Contestados 60 requerimentos em Terras Indígenas
Um grupo de organizações indígenas contesta, na Justiça, 60 processos ativos na Agência Nacional de Mineração (ANM) que têm como meta a exploração de ouro em terras do médio e alto rio Negro. Segundo as organizações, caso os projetos avancem, podem impactar mais de 45 mil indígenas, de acordo com documento da Federação das Organizações Indígenas do Rio Negro (Foirn), protocolado em julho na Justiça Federal no Amazonas. A petição tem como base um levantamento do Instituto Socioambiental (ISA).
A região do alto e médio rio Negro é conhecida como Cabeça do Cachorro e engloba indígenas de 23 etnias, que convivem em 750 comunidades de nove terras indígenas, nas imediações de São Gabriel da Cachoeira, Santa Isabel do Rio Negro e Barcelos. Os 60 requerimentos ativos na ANM buscam autorizações para pesquisa e exploração de ouro em áreas que somam 149 mil hectares, quase o tamanho da cidade de São Paulo. A manutenção destes processos ativos contraria decisões da Justiça Federal no Amazonas, que já determinou a invalidação dos mesmos diante da ilegalidade da exploração de ouro e outros minérios em áreas de terras indígenas.
Dos 60 pedidos da ANM, 25 foram protocolados no governo Jair Bolsonaro, à espera de regulamentação. Caso sejam levados em consideração outros processos de exploração mineral, referentes a estanho, cassiterita, nióbio, cascalho e areia, o número de requerimentos ativos chega a 77.
O ministro do GSI (Gabinete de Segurança Institucional), general Augusto Heleno, autorizou o avanço de sete projetos de exploração de ouro na região da Cabeça do Cachorro, que somam 12,7 mil hectares e estão em trechos e ilhas do rio Negro que cortam duas terras indígenas, onde vivem povos de 11 etnias.
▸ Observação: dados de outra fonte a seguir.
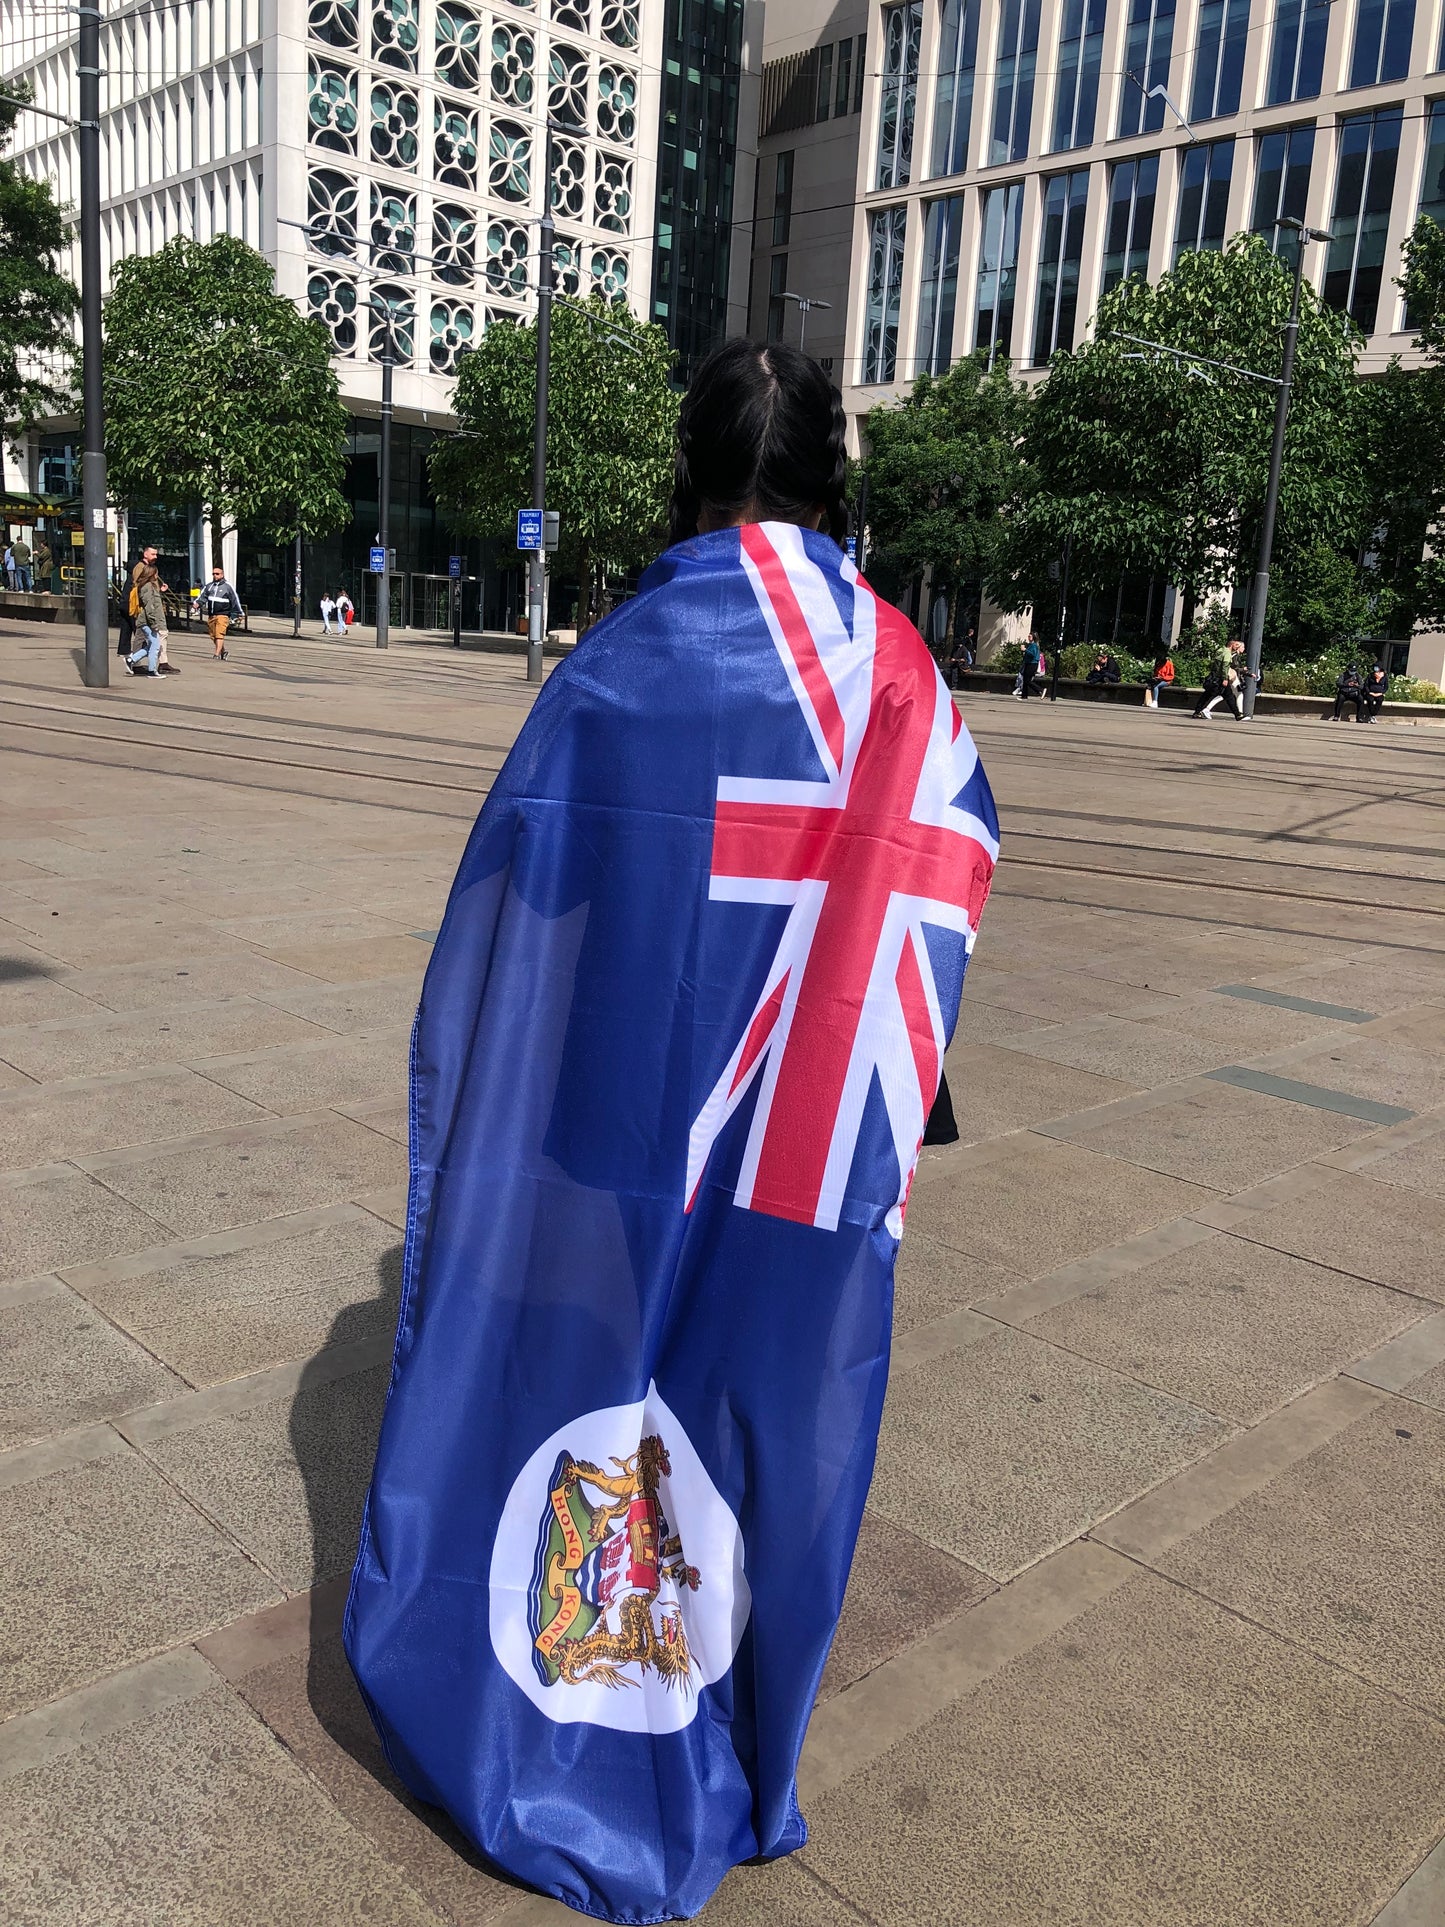 香港旗 Hong Kong Flag Standard Outdoor 🇬🇧 Made in Britain

O ministro do GSI é secretário-executivo do Conselho de Defesa Nacional, a quem cabe autorizar projetos de mineração na faixa de fronteira – até 150 km adentro. Depois da revelação, partidos e congressistas apresentaram pedidos ao STF (Supremo Tribunal Federal), PGR (Procuradoria-Geral da República), MPF (Ministério Público Federal) e Congresso para derrubar os atos de Heleno. O MPF passou a investigar as autorizações. Duas ações passaram a tramitar no STF. O ministro Heleno decidiu cancelar as medidas, diante da constatação por órgãos do governo de que os chamados assentimentos prévios liberaram projetos em áreas de terras indígenas.
As organizações levaram em conta os requerimentos ativos nas áreas das terras indígenas Jurubaxi-Téa, Rio Téa, Yanomami, Médio Rio Negro I, Médio Rio Negro II e Cué-Cué Marabitanas – um dos assentimentos prévios assinados por Heleno incidia sobre esta última. A região é um “mosaico de áreas ambientalmente protegidas”, segundo a petição da Foirn. Além das terras indígenas, a área inclui o Parque Nacional Pico da Neblina – também afetada pela autorização do ministro do GS I- e a Floresta Nacional do Amazonas. “É a maior região úmida do mundo”, cita o documento protocolado na Justiça. “O rio, além de ser fonte de recursos naturais para estes povos, compreende a dimensão da territorialidade ancestral dos indígenas que milenarmente ocupam a bacia do rio Negro”, afirma a Foirn na petição. “É, ainda, um local sagrado, que integra a cosmovisão indígena, sendo palco de diversos mitos de origens dos diferentes povos que habitam a região”.
O presidente da Foim, Marivelton Barroso, afirma que qualquer exploração minerária no rio Negro impacta as terras indígenas e os povos que moram nesses territórios. “Os mais afetados seremos nós. Não são o governo, as empresas, a sociedade urbana, mas a gente que está dentro do território. Não temos proteção do Estado, e o assédio acaba chegando às comunidades”, diz.